The land had an imponderable emptiness about it, stretching out and out, beyond the powers of a man’s imagination to fill. Off in the distance the low sky fused with the gray line of the horizon, merging with the landscape in a pink haze, vast and immeasurable. Against this awesome expanse of land and sky even the great bend of the Yukon, gleaming with the borrowed fire of the sun, seemed a small and insignificant thing. The nearer complex of the mission site barely made an impression on it all. It seemed to go on forever, a snowy wasteland where no human voice was heard and there was nothing but the ghostly passage of the wind over the frozen tundra.

 At the time of the gold rush in the Klondike  the men called it the ‘Great Empty’ and many were lost in that wilderness, taking their lusts and desires and hopes with them to unknown graves. It was said that their voices still moved on the wind, sounding in the rustle of trees and the leafless branches of willow bush.

 Standing there on the brow of the hill Daniel had a new sense of himself. In all this, he thought, what was a man’s soul? What was so important about the things he carried in his small gray head? He had lived a soft life, unchallenged, wrapped in the cellophane of civility. He had never known hunger, or want. Yet, when he stared at the vacant landscape he was struck by the recollection that all men came out of that emptiness and, on day like this, when the wind was up and the stars were beginning to dance in the frosty sky, he ‘remembered’ something lying deep in his bones; something fearful, and hungry, and lost. It called to him, wolf-like, on the thin voices of the village dogs, a reminder that the ‘Great Empty’ was still there, waiting for him like the night waited on the brief rosy reign of the setting sun. - From Chapter 10- The Village

Below: Two steamboats are trapped in the ice as winter sets in, a common occurrence on the rivers and sloughs.

Above: The view, looking across the river from Steamboat Slough.

One of the saintly Ursaline Nuns who served at the Mission.

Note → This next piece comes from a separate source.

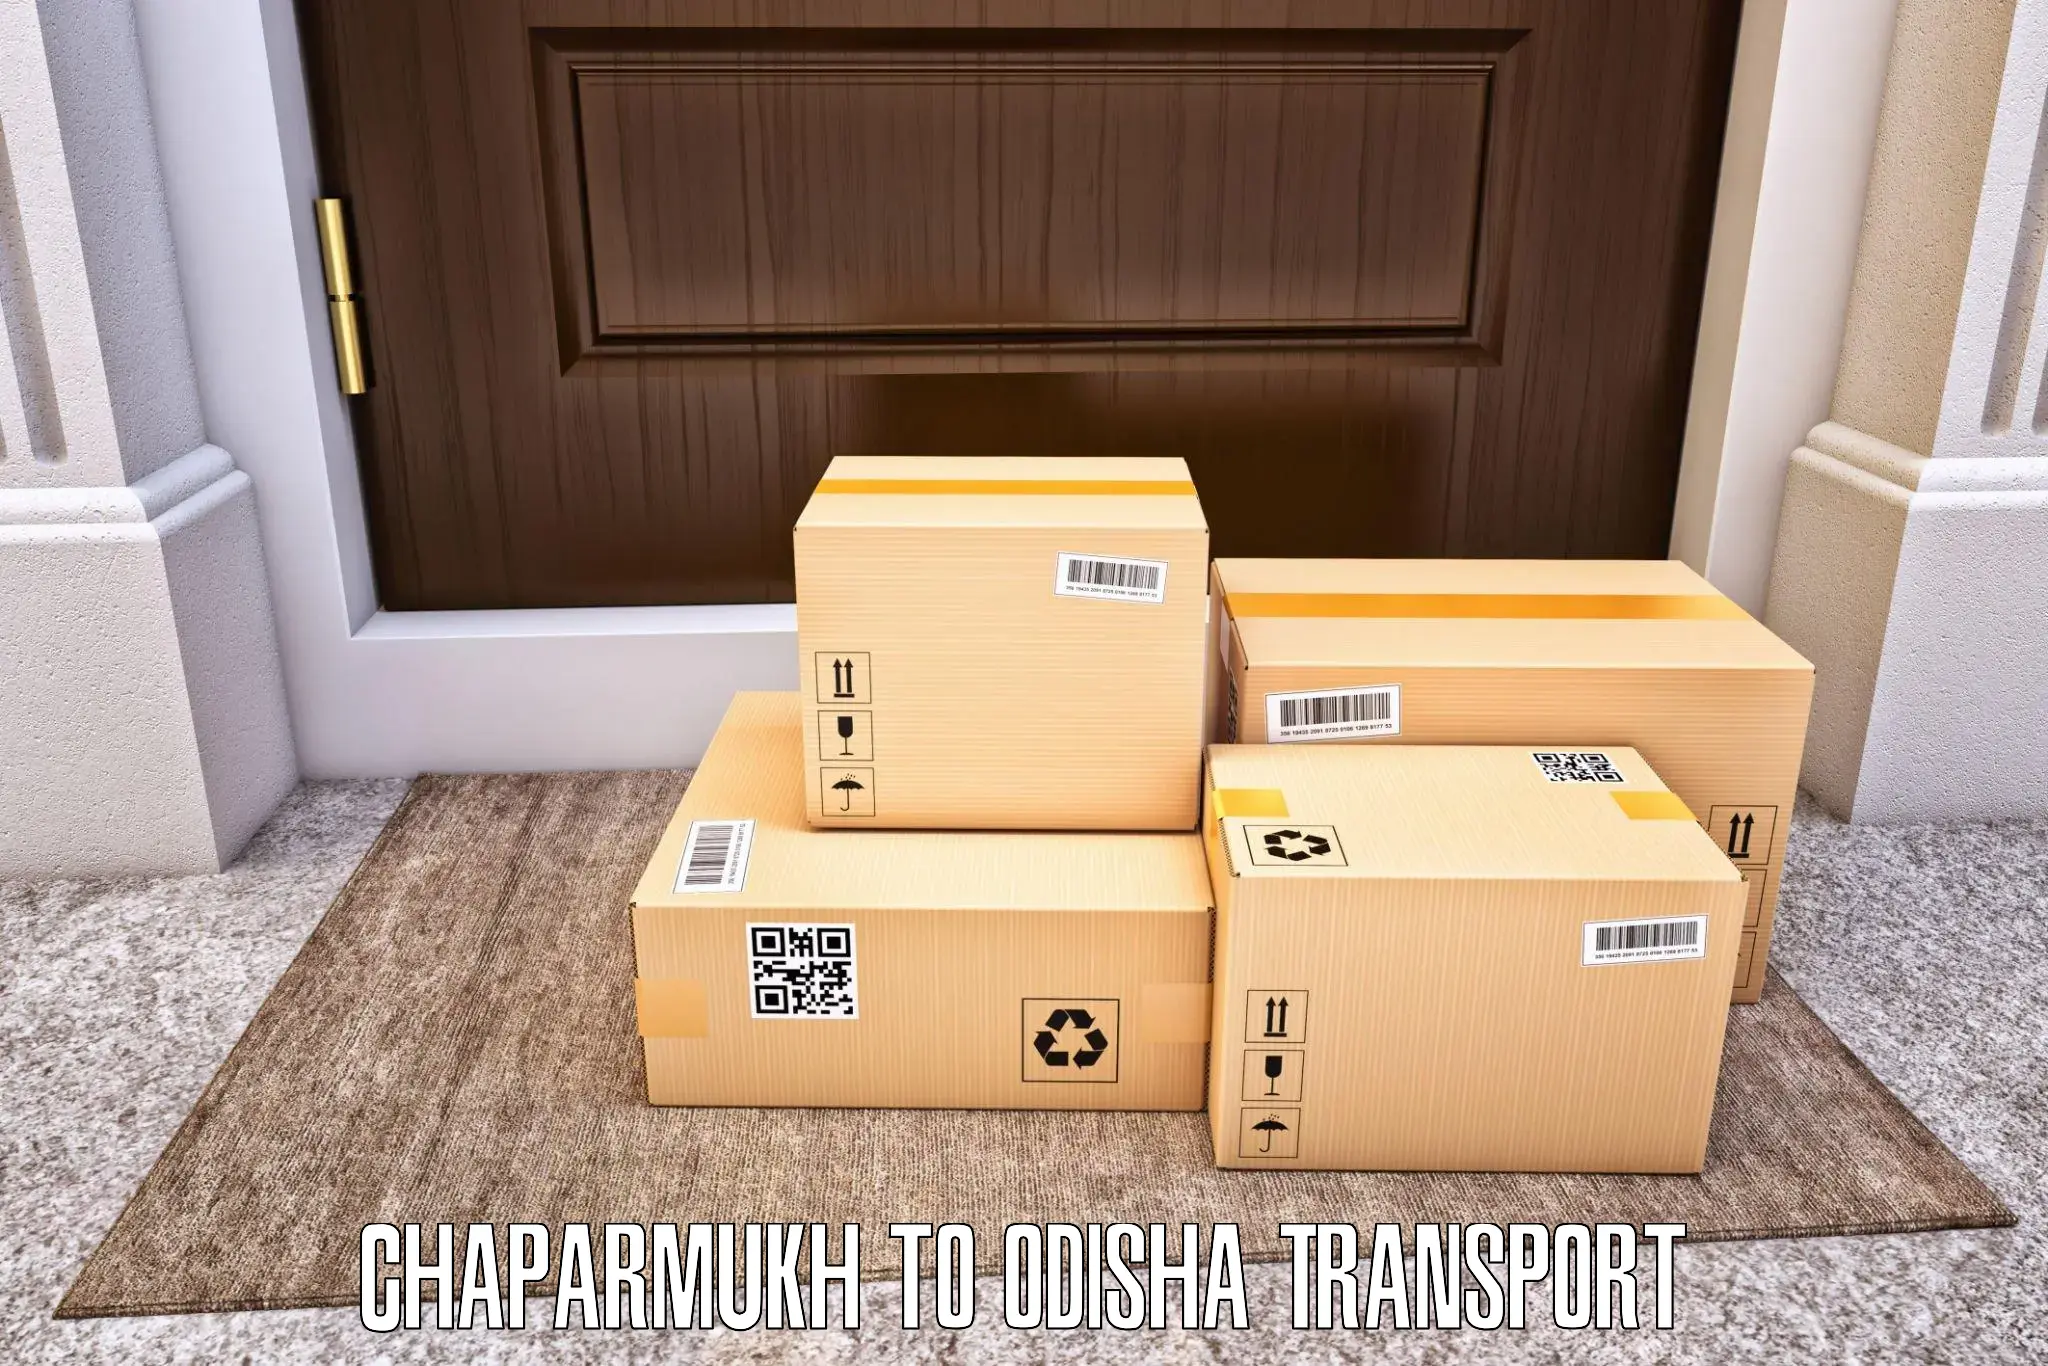 Shipping services Chaparmukh to Odisha

When he reached the Library he was pleased to find one of the old Ursaline nuns in attendance. He remembered her from his teaching days there, Sister Lucile, an amiable septuagenarian who drifted about with a heavy darned wool sweater over her gray habit, buttoned all the way to the throat where a circular white collar trimmed the main dress and matched the border of her headpiece. A few strands of thin gray hair managed to slip from their captivity and dangle above her ears. She wore a pair of gold rimmed reading glasses, with a braided tassel attached to the back of each arm so they could dangle from her neck when she did not need them. The lines of many years traced thin wrinkles on her forehead, though her eyes were bright and lively, and she always seemed to be smiling, her head bobbing this way and that with a palsied unsteadiness. The skin hung in loose folds from her neck, quivering a bit when she spoke. - From Chapter 13, The Library

js-skiing

The Author, “out on the boards” skiing the winding course of Steamboat Slough. Cross country was a great way to relax and get some exercise in the brief 3 to 4 hour interval of daylight that made up each day in the dead of winter. Sometimes you would go out with other volunteer teachers at the mission, and other times, just getting away into the solitude of the tundra was a real balm for the soul.